I’ve always imagined that we say that last bit with our fingers
crossed. What if he doesn’t always forgive? Apparently he doesn’t
forgive the sin against the Holy Spirit. Only we don’t know what that is
(and if, as many Victorians said, it’s masturbation most of us are in
serious trouble).
The whole fantasy carries on - lots of people addressing words to
somebody who never answers. I realise that what follows is a parody, but I
suspect it’s nearer the truth than most of us would like to admit.

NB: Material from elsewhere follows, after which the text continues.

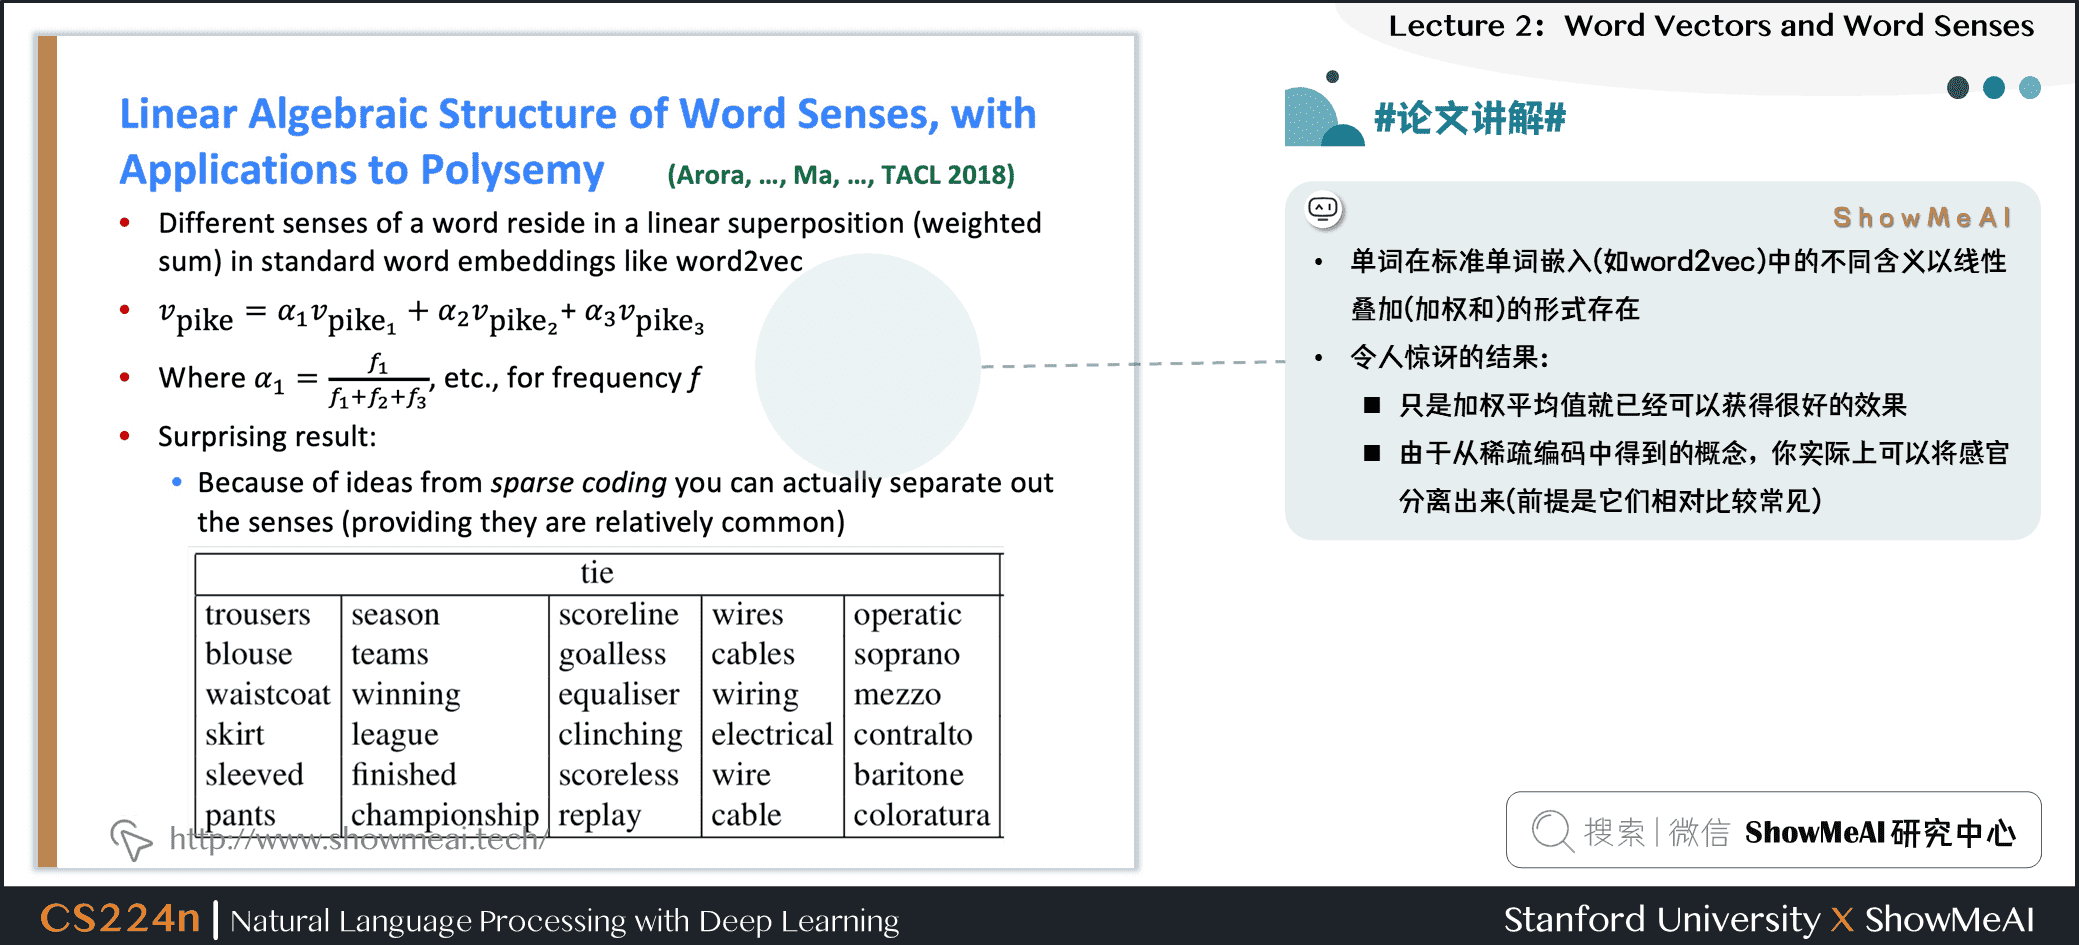 #论文讲解# Linear Algebraic Structure of Word Senses, with Applications to Polysemy

In some circles hymns take pride of place. I have to say that I can
just about take some of the traditional ones. But modern hymns with
vacuous words repeating again and again just how forgiving, loving,
majestic, marvellous and caring God is, prove impossible for me. If this
seems strange, let me explain. It's because I suspect that underlying
these hymns is a hidden threat that this God might just send us to eternal
damnation if we don’t mean what we sing.
Catholic worship is more subtle. The old incantations, the ancient
tunes, the mystical sights and holy smells appeal to me. Yet at the heart
of it lies a confidence trick. It is that the man at the altar (for it is
still usually a man) has been given some magical ability to turn a white
biscuit and some wine into the body and blood of Jesus. This claim is
obviously about power. The priest controls God, and is able to summon God
up with his words.
In most worship, of whatever hue, there is a belief that we are
unworthy and God is worthy. Increasingly as I take part in such activity I
am left cold. Why does God need me to say that God is wonderful? Is God
perhaps a little insecure, like my first girlfriend who wanted me to tell
her all the time that I loved her? The Hebrew Scriptures tell us that God
is jealous - which I’ve always thought odd because God apparently also
tells us that we mustn't covet.
Or are we perhaps doing all this worshiping out of a sense of
insecurity? Perhaps we feel guilty so we need to call God all-forgiving. Or we feel unloved so we project a capacity for unswerving
love onto God. Maybe we feel powerless, so we project omnipotence onto
God. We feel uncertain and recognise our ignorance - so we make God all-knowing.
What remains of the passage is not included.